So I waited for the mid-term survey, which he usually brings out towards the end of the calendar year. But there was none this year. It may have been because he would have had to report some bad news. For one thing, foodgrain procurement and distribution have done poorly: rice procurement this year is less than half of the normal, and offtake a third less. Wheat stocks are down too. It is unclear whether this is bad luck, or whether a policy decision was taken to neglect PDS. The October index of industrial production was 2 per cent lower than a year before; the capital goods index was a whopping 25 per cent lower. Output of all energy products – coal, crude oil, and natural gas – was down. Trade balance till November was slightly improved, but that was entirely due to the fall in international oil prices; the oil war between the US and the Arabs had been good for us. Budgetary deficit in all its definitions had fallen in the first half of last financial year; this year it went up. And a quarter of the 270 million Jan Dhan accounts had zero balance, the average balance in the rest was about Rs 3300, 8.3 million account holders had asked for an overdraft, and 2.4 million had got one of Rs 1300 on the average. The rest were refused.
But to say that he avoided the bad news is unfair or premature, for Subramaniam has promised an old-style Economic Survey of the past year some time in the coming year. He has completely changed the form and intent of the regular Economic Survey. It concentrates entirely on fundamental questions, which the finance ministry in my time left to the planning commission. I had tried to raise them in my first Economic Survey in 1992; but I was eased out soon after, and the initiative died. Subramaniam has gone deep, covered both short-and long-term issues, and involved an amazing number of people – about 200, both outside and inside government – in the debate the survey encapsulates. Even the finance minister is supposed to have written a chapter, though which one is not revealed.
The Economic Survey compares India with other countries in many dimensions. It draws three major lessons: India has been stepmotherly towards the private sector, it has a pretty inefficient government, and the government has actively but ineffectively redistributed incomes. This is a good summary of two generations of independent India; demonetization is the latest instance of this inefficient redistribution. But its aim of digitization of payments was good, and should be promoted by introducing GST and extending it to real estate transactions, reducing income tax rates, widening the income tax net, reducing corporate tax faster and reducing discretion and increasing accountability in tax administration. Preference for cash is not just because people dislike paying taxes; it is also because taxation is inefficient and corrupt. Improving it is more important than making everyone use cheques and cards.

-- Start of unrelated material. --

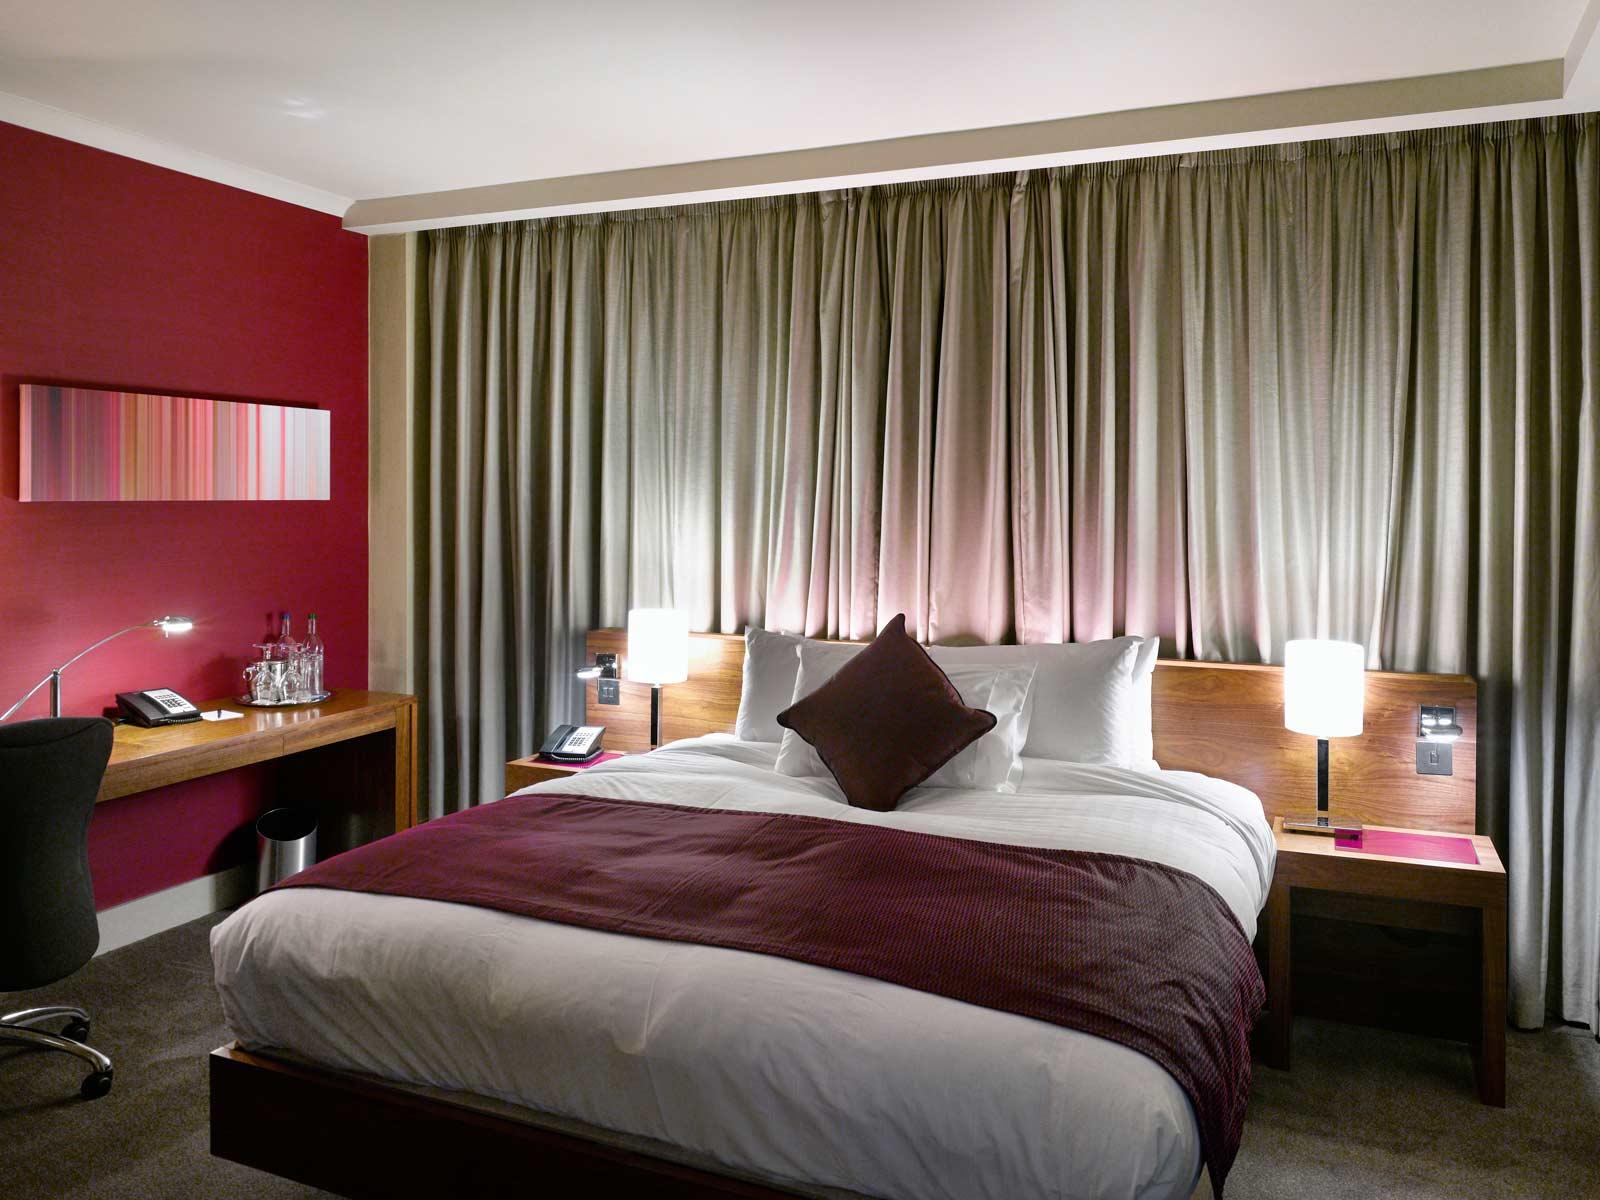 Hilton Hotel Liverpool Rooms Hilton Hotel in Liverpool

The Economic Survey goes in some detail into what it calls the twin balance sheet problem – companies borrowed from banks, and did not repay the loans, making the balance sheets of both unsound. This has happened in many countries; elsewhere, it led to bankruptcy of banks. It did not happen in India because most of the banking system is owned by the government; mounting bank losses simply meant that the government’s equity in the banks was wiped out. But if companies do not repay loans, accumulating interest on them keeps raising their liabilities; and if banks cannot realize loans, they cannot give fresh loans. For instance, state electricity boards do not pay power generation companies for electricity, the generators cannot repay loans or expand capacity, and growth in the power sector comes down. The Economic Survey’s suggestion is that the government should set up an asset reconstruction agency which would take over big bad debts from the banks, and resolve them in various ways – taking over the assets of debtors and selling them, selling the businesses to new entrepreneurs at a loss, and converting some of the loans into equity. This is pretty obvious, and has been tried before, in the 1990s. It may resolve the problem for now, but it will recur for a reason the Economic Survey does not mention: SEBI has killed off the equity market, and the government has banned new private banks. The result is excessive debt-equity ratios, which lead to bankruptcies from time to time.
The Economic Survey gives much attention to a problem that has not occurred, namely public debt. So many countries across the world have run into intractable debt problems; Greece is the most notorious example. India has avoided it. The Economic Survey attributes the success to the Fiscal Responsibility and Budget Management Act of 2003, and the subsequent, relatively responsible behaviour of the states.
I would trace it to another cause, namely India’s high growth, which has continuously reduced the debt-GDP ratio and raised government revenue. In my view, the problem lies elsewhere: it lies in the poor quality of government. It spends so much and so inefficiently on consumption, and so little on investment. As a result, India’s infrastructure has continued to be poor. The Economic Survey points out India’s low tax collection, and proposes raising it. That would be even worse if the government continues to be as inefficient as it is. I hope that the Chief Economic Advisor will spend this year studying why the government works so badly and what can be done about it.
There is so much more in the Economic Survey. I have not even come yet to universal basic income, for which the Survey has made news. I have not discussed it largely because the underlying idea is good: the dozens of personal subsidies the governments give need to be unified, and the corruption in doling them out to be eliminated. But they need to be subjected to good empirical analysis. This is a subject to which Arvind Subramaniam should give some attention in the coming year. The other issue on which he might spend some time is prioritization amongst his myriad policy ideas.